My So-Called Life was produced before the explosion of youth and teen programming. The culture of television changed significantly in the years that immediately followed, most notably with the rise of The WB and UPN—networks that catered to the teenaged audience My So-Called Life sought—during the late 1990s and early 2000s (The WB and UPN launched just two weeks and one week, respectively, before My So-Called Lifes run on ABC ended). "Networks didn’t understand that you could sell to adolescent girls," said Herskovitz. Although My So-Called Life drew adult fans in addition to teenage viewers, the ratings-focused ABC concluded not enough viewers of a particular demographic were watching the show during its initial network run. Holzman said, "It is one thing to have huge ratings, but it is quite another to have smaller ratings but with an extremely passionate following. I don't understand why the network did not understand that."

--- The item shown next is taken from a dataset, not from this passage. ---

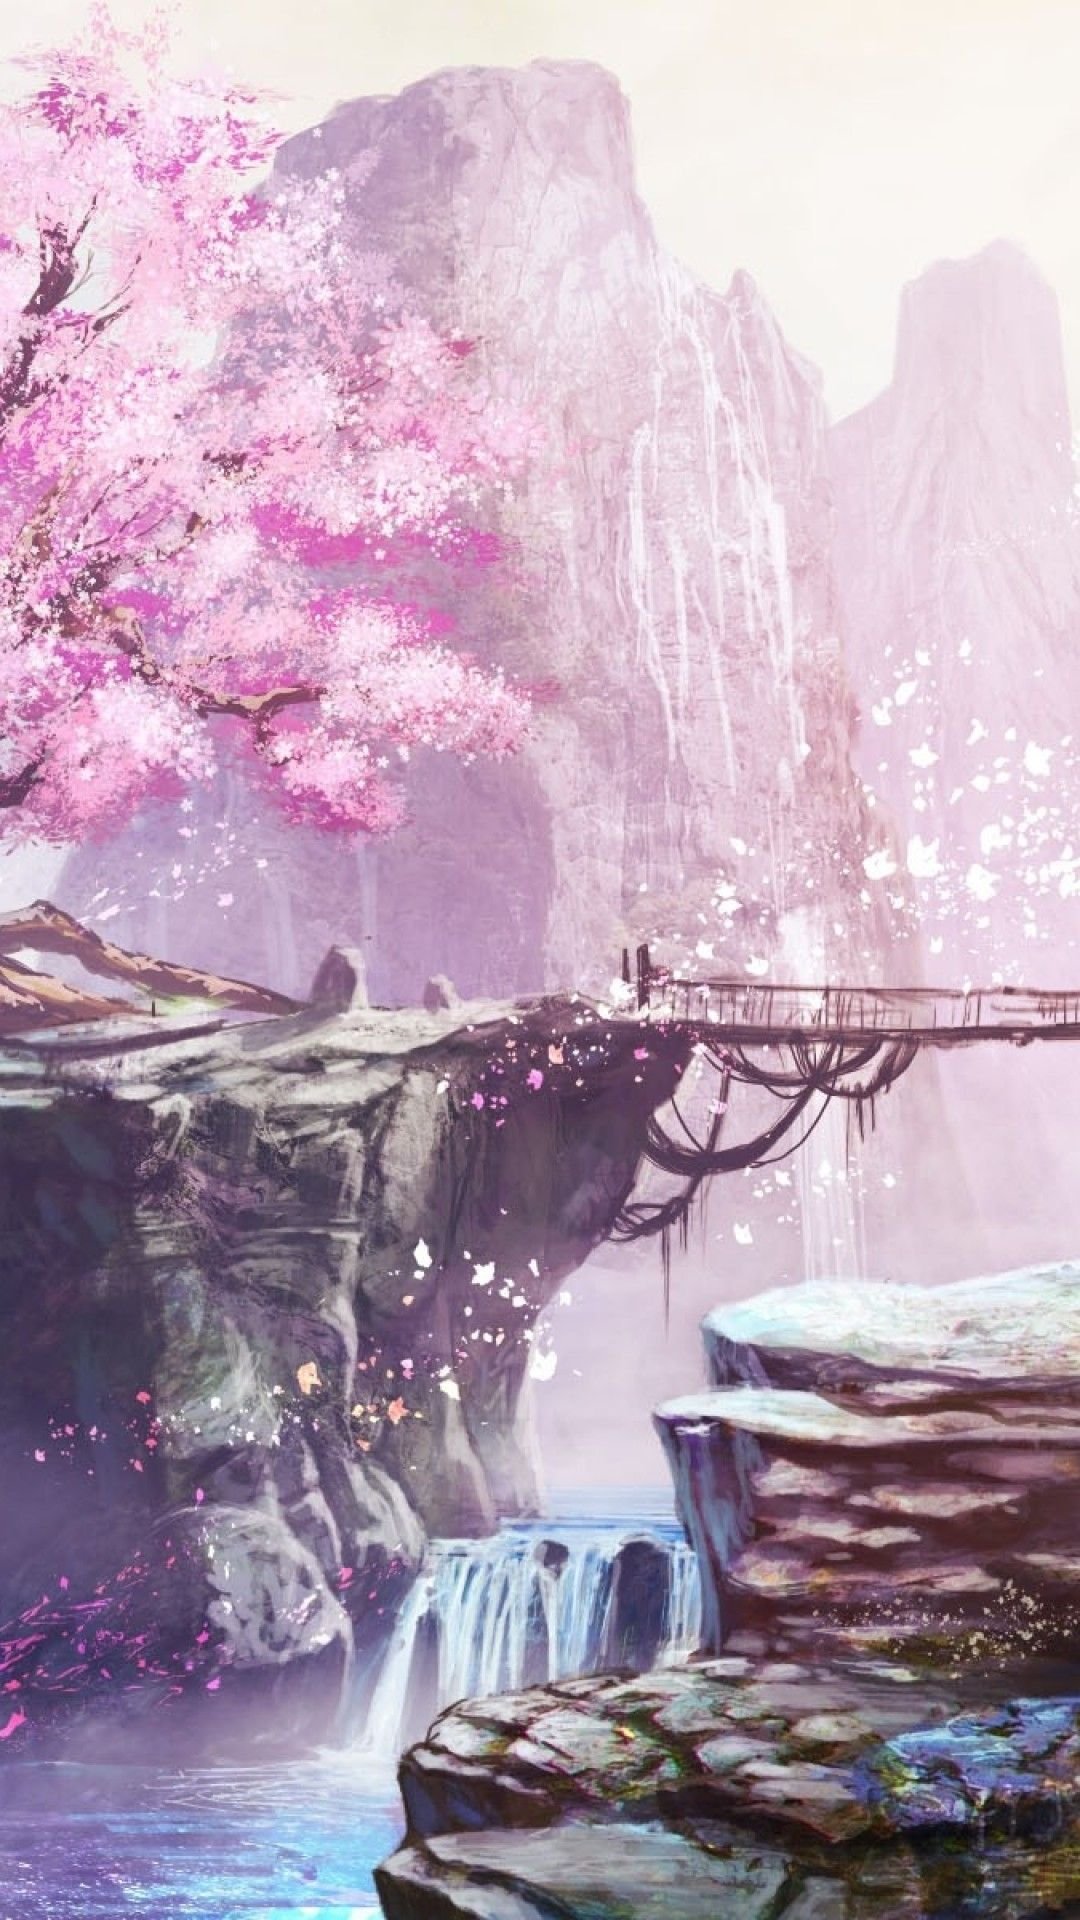 Wallpaper Anime Animegirl Cherry Blossom Blossom Tree Background   Download Free Image

When the network was considering canceling the show, producers Zwick and Herskovitz appealed to then-ABC President Bob Iger, telling him, "You should keep this show on the air because teenage girls have no voice in our culture, and the show is giving them a voice." In January 1995, it was reported the show averaged 10 million viewers per week, a number ABC president of entertainment Ted Harbert said was high, but still fell short compared to ABC sitcom Home Improvement, which averaged 30 million viewers weekly.

===Cancelation===
An online fan campaign attempted to save My So-Called Life, the first such event in the history of the World Wide Web. Bolstered by fans' support, Ted Harbert said he was prepared to bring the show back for a second season. However, Herskovitz said at that time Danes and her parents approached the show's creators and told producers that she did not want to be involved with the show if it continued, citing the arduous shooting schedule which required the show's young actors to balance schoolwork with rehearsal and time on the set.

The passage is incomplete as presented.